Local Authorities and social care, set up to fail

These findings by ADASS, underscore that local Government finances are not where they need to be to deliver a social care system fit for the future.

Care England, the largest and most diverse representative body for independent providers of adult social care in England, has today welcomed the publication of the ADASS Spring Survey but has expressed deep concern at the findings.  
Professor Martin Green OBE, Chief Executive of Care England, says:
“These survey results indicate that although the short-term funding boosts from Government have helped reduce the number of people waiting for care and increased support for people at home, this is simply not enough. Local Authorities have been set up to fail by Government. Whilst they have been allocated a £2.3bn share of the Social Care Grant, combined with £562m from the Market Sustainability and Improvement Fund, Local Authorities have been required to deliver £806m in savings to their budgets, provision £692m of additional funding in 2023/24 to demographic pressures and will incur a cost of £1.8bn to deliver the National Living Wage increase in 2023/24. Consequently, Local Authorities are starting from a £400m deficit, before they even look to address staffing, inflation and wider cost pressures.

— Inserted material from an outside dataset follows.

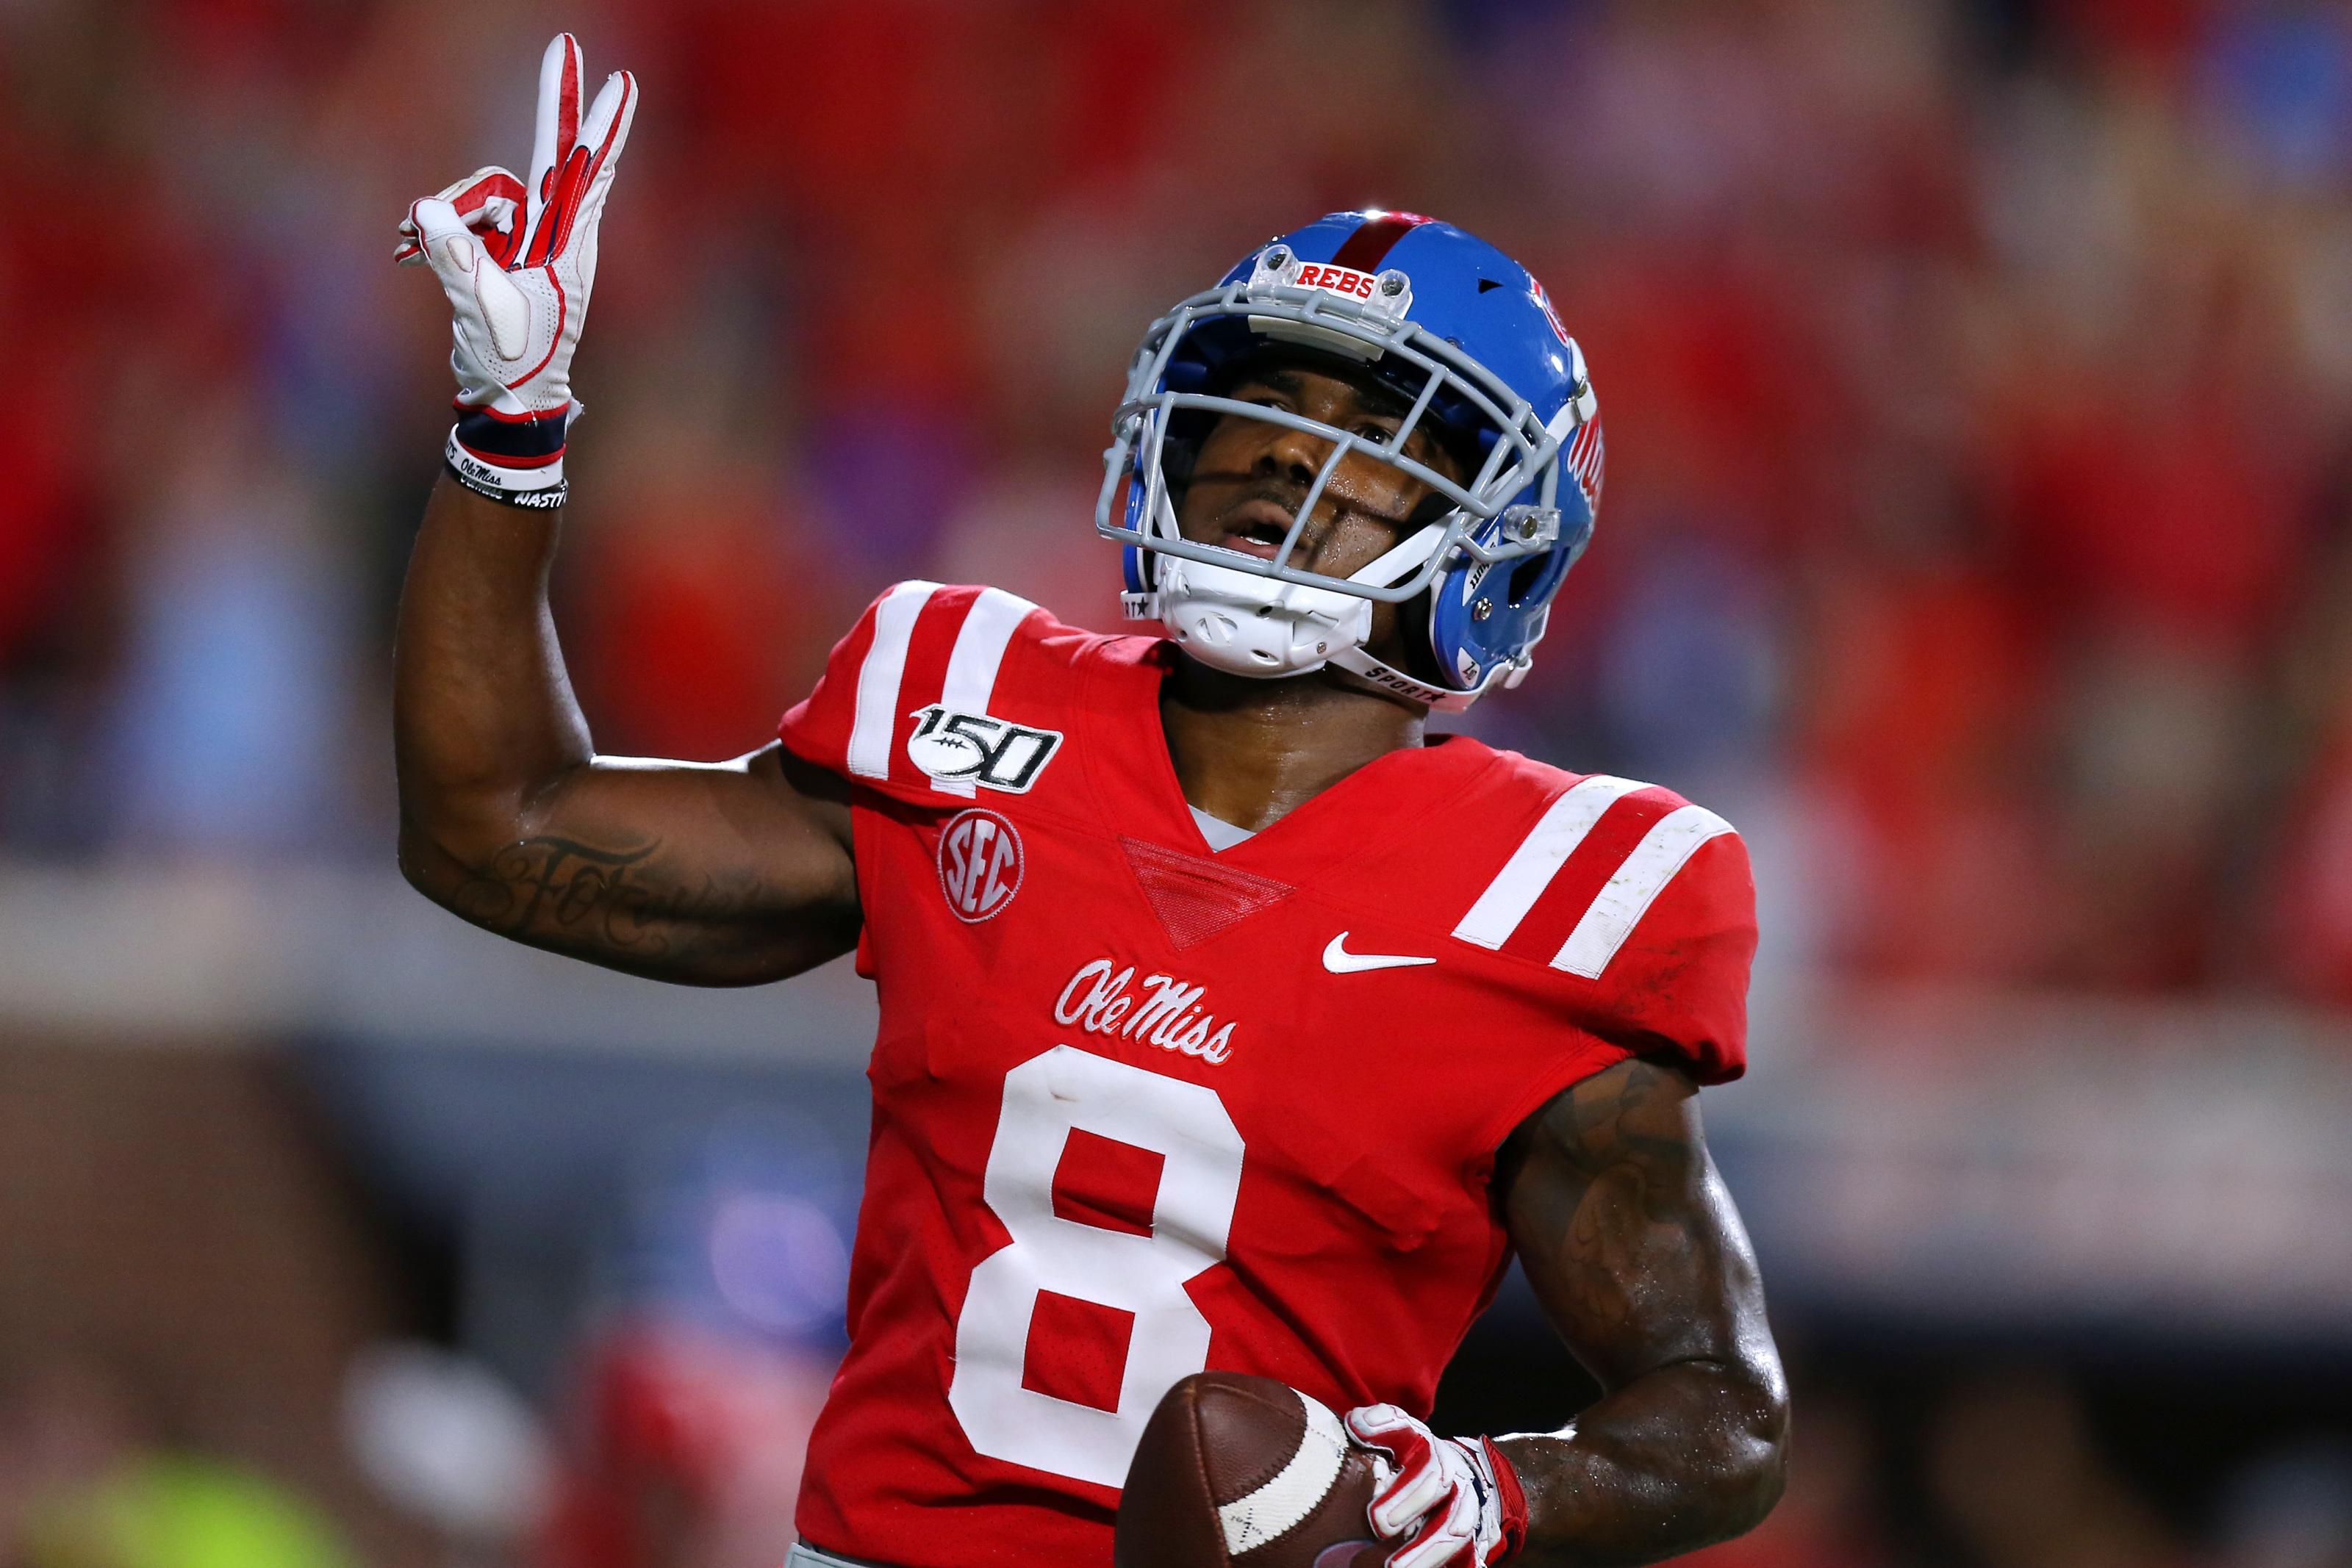 Ole Miss WR Elijah Moore explodes onto 2021 NFL Draft radar

Whilst it is incredibly welcome that 94% of Local Authorities chose to take up adult social care precept for 2023/24, Local Authorities are operating on a shoestring and require significant investment from central Government. Without intervention, we face an uncertain future. The survey highlights the increasing number of providers closing, ceasing trading or handing back council contracts. The warning lights have never been brighter for the Government.” 
The ADASS Spring Survey, published on 21 June, outlines that most English councils are not confident they can offer the minimum social care support in their communities required by law, according to the new research.
To improve social care, boost our economy and enable carers to continue working, social care leaders are calling on the Government to commit to:

  • Invest in support that helps people avoid the need to go to hospital or a care home, and support for people to recover, get back on their feet and back home after hospital during this winter
  • Increase support to carers and improve workforce pay: international recruitment is not a long term fix
  • A fully funded, long-term plan to transform social care to ensure everyone in England can get the care and support they need when they need it.

To read the full report, please visit the ADASS website here: Adass
Martin Green continues:
“The future sustainability of the adult social care sector is tied to the sustainability of local Government. These findings underscore that local Government finances are not where they need to be to deliver a social care system fit for the future. There is a clear agreement that Government funds are making a difference, but far more is required. We need the political will to drive a sustainable market forward. It is promising that many of our messages have been supported by the findings of this survey. Not least, is the need to deliver a sustainable workforce. Earlier this year, we also recommended that the Government develops a pay framework to establish a minimum care wage, above the level of the NLW and tied to NHS band 3. Significantly, as a part of the pay framework, the Government aligns benefits, terms and conditions for care staff with those in the NHS, including pensions, statutory sick pay, holiday entitlements and access to training courses, the cost of which should be reflected in the Fair Cost of Care and funded by the Local Authority. Today’s survey findings indicate that almost all NHS leaders believe that paying the care workforce more would be an effective means of supporting the challenges that are currently facing the social care sector.”